* **What to work on**: The reply must repeat the listing below exactly and carry none of its pictures.

* **The data**:
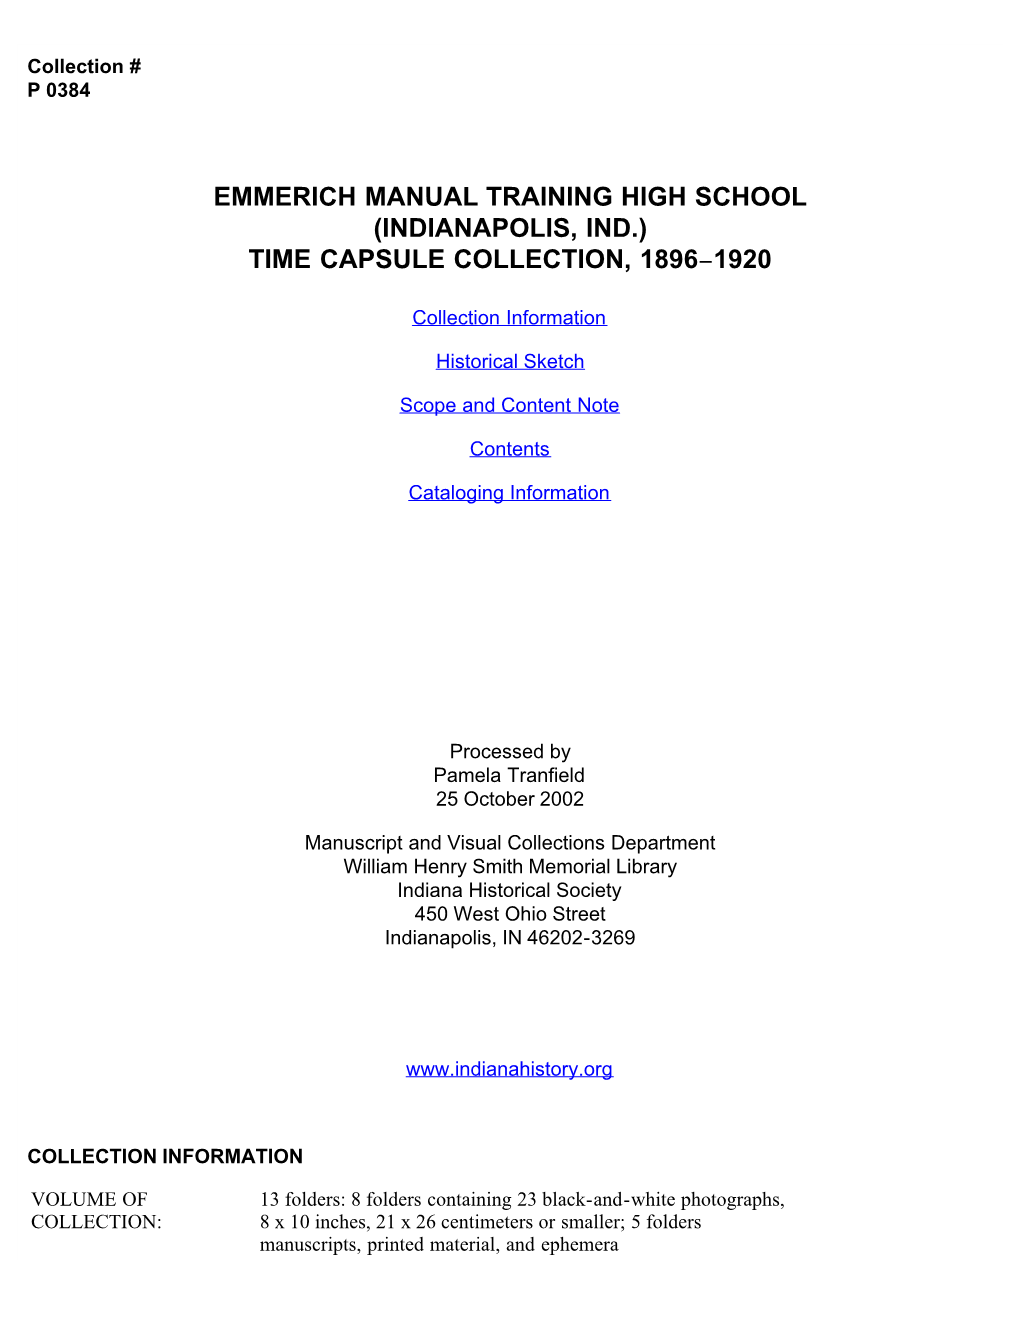 P 0384 Emmerich Manual Training High School
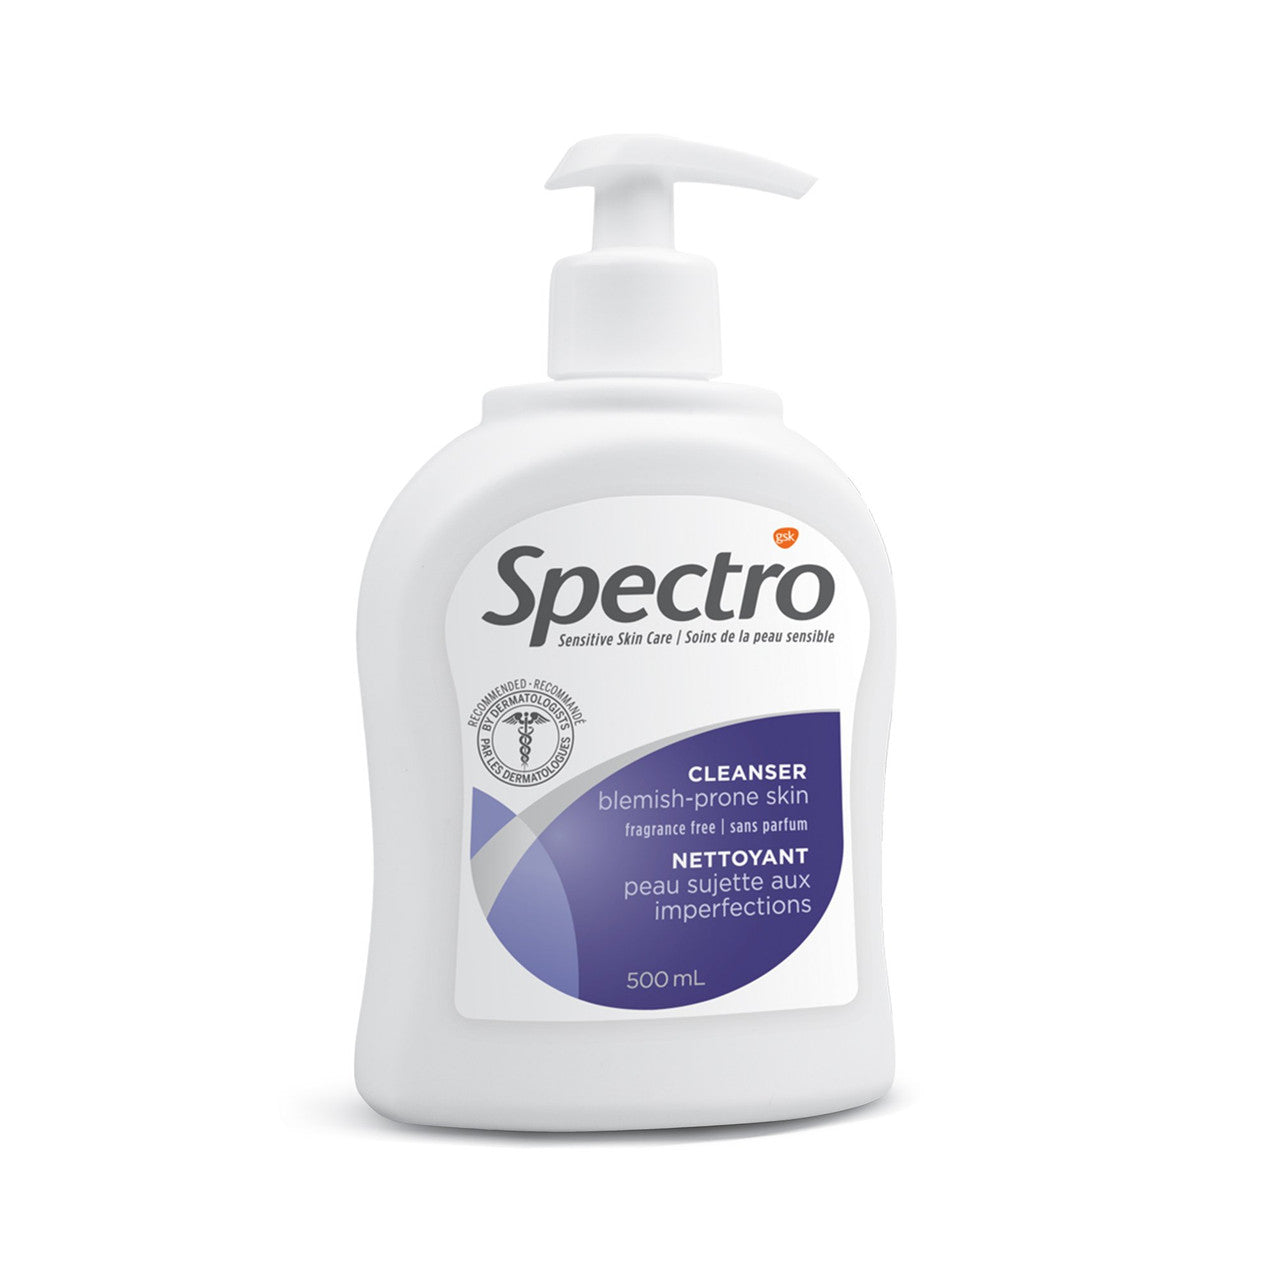 Spectro Jel Cleanser 500ml (17 Fl.oz.) (For Blemish Prone Skin (Fragrance Free)
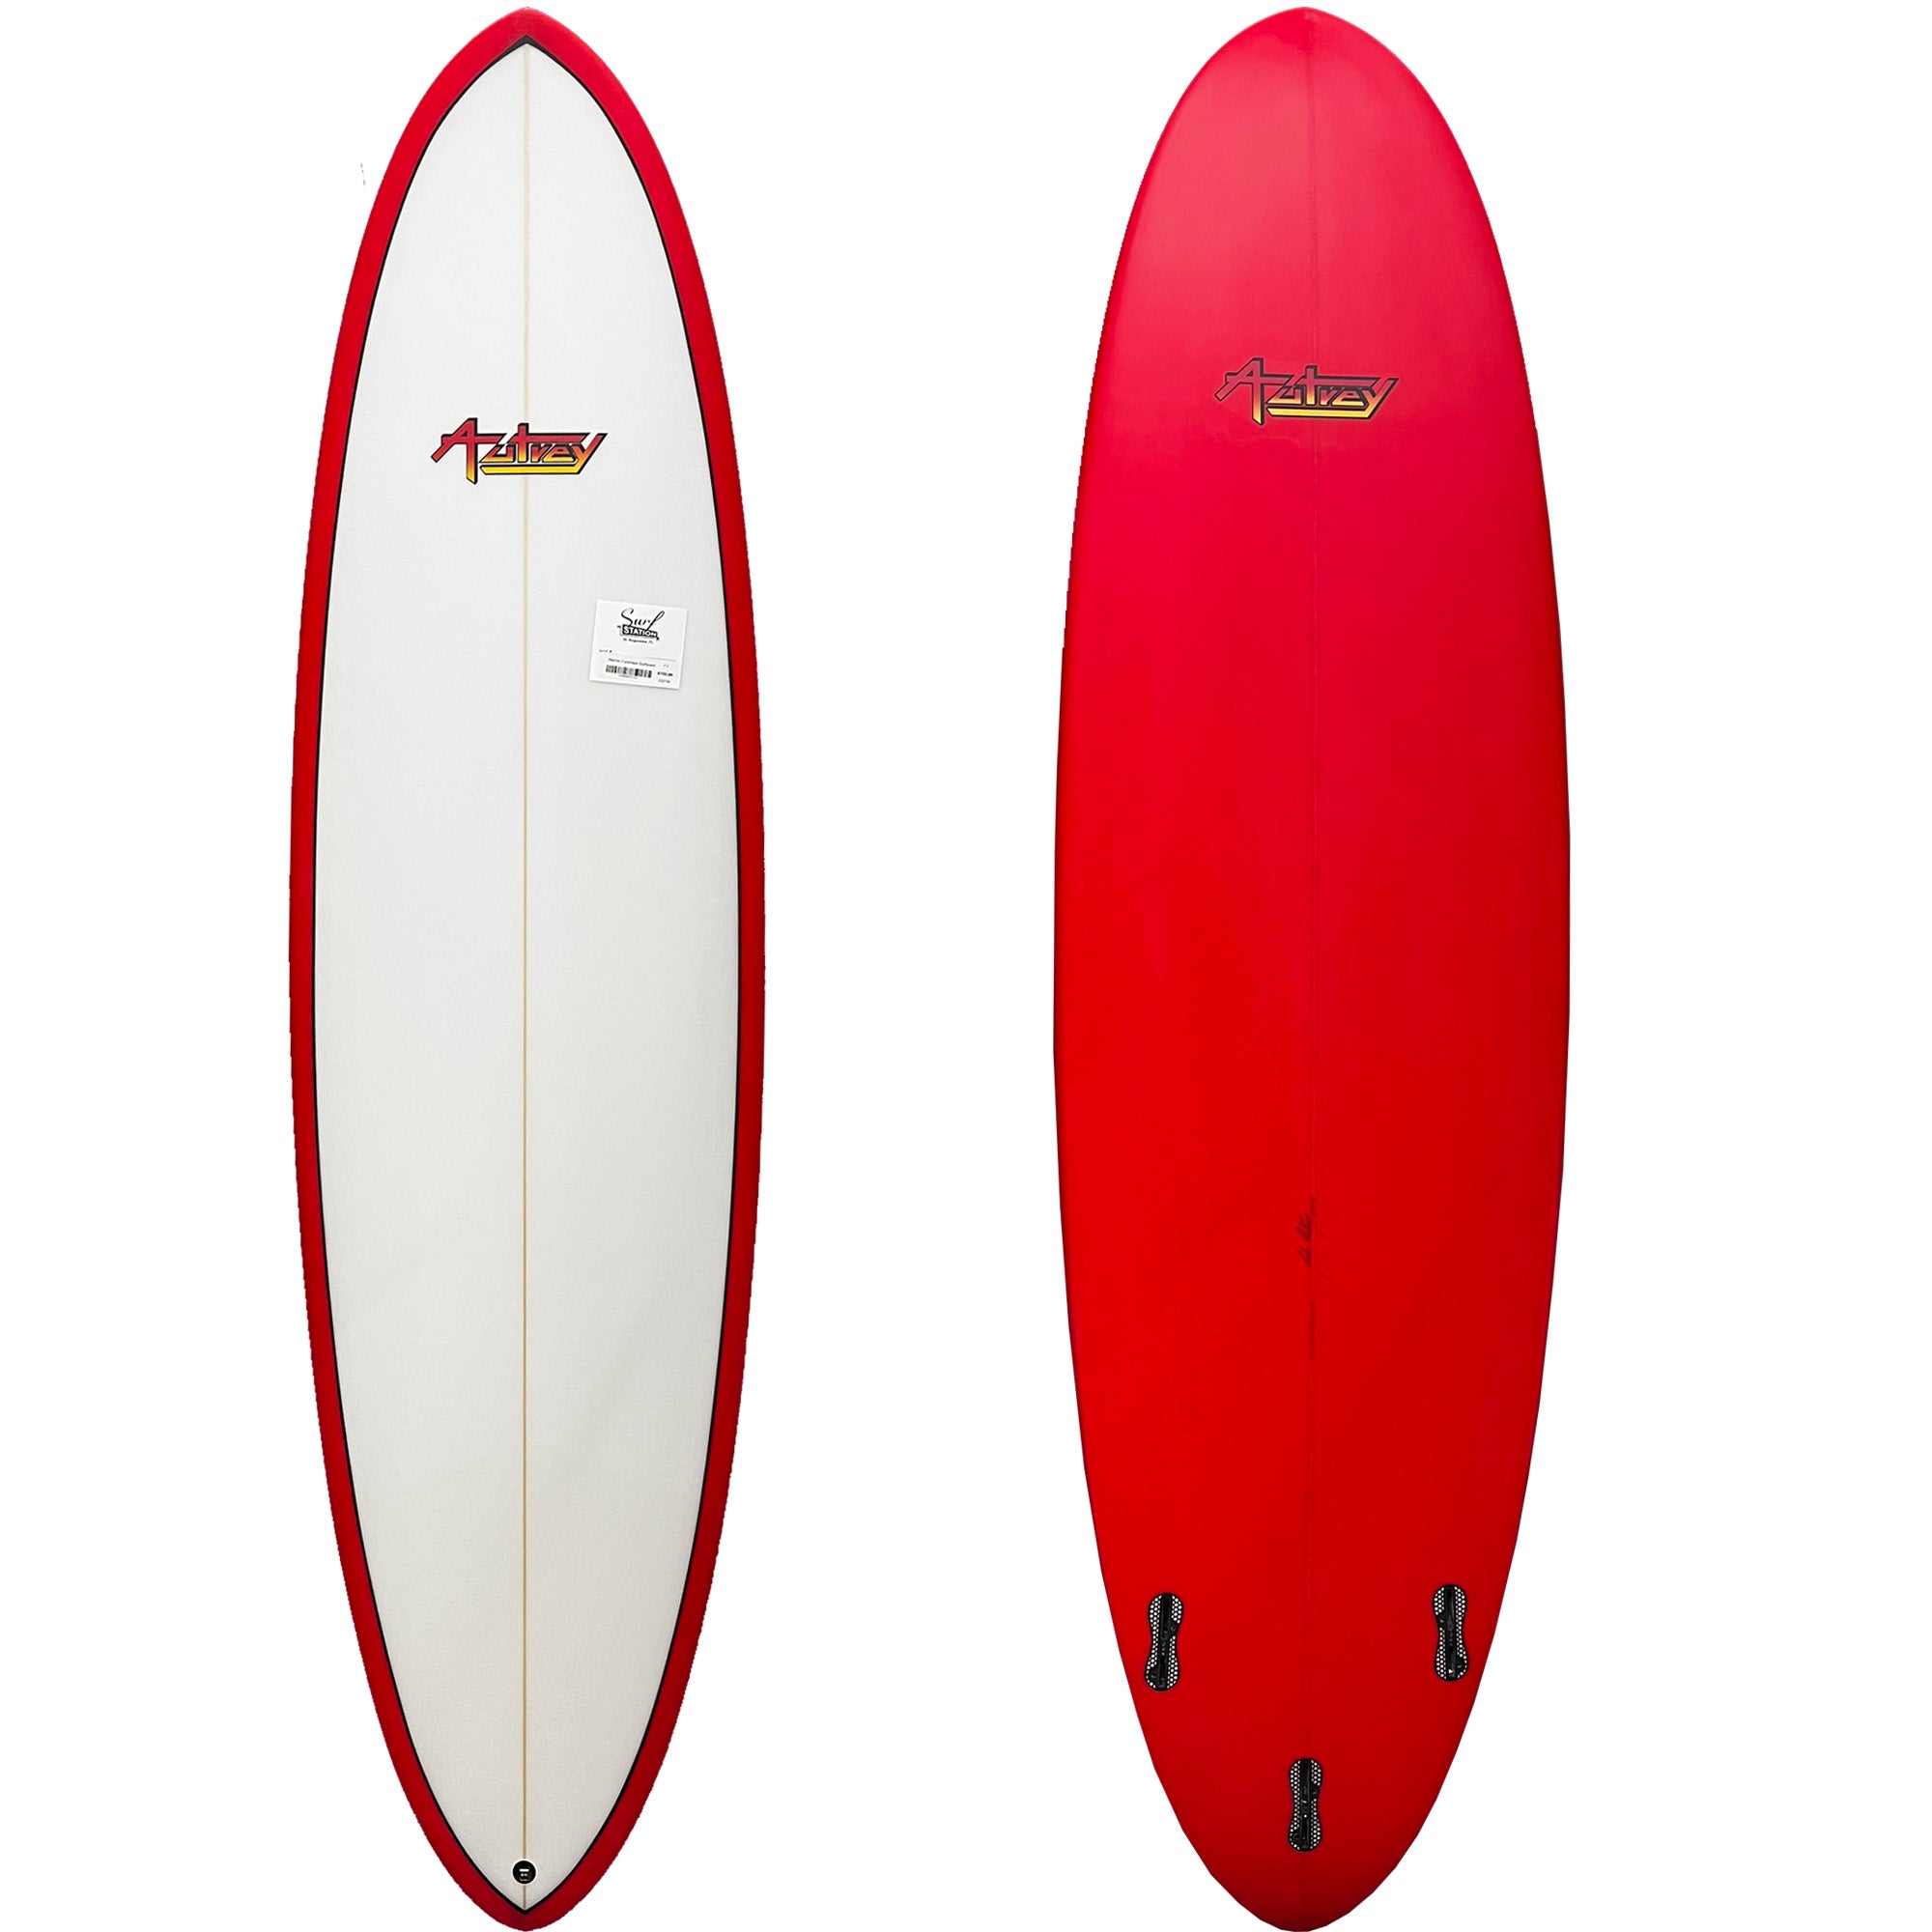 Warrior 7'0 Funshape Surfboard

* **Reply**:
 P 0384 Emmerich Manual Training High School
 Spectro Jel Cleanser 500ml (17 Fl.oz.) (For Blemish Prone Skin (Fragrance Free)
 Warrior 7'0 Funshape Surfboard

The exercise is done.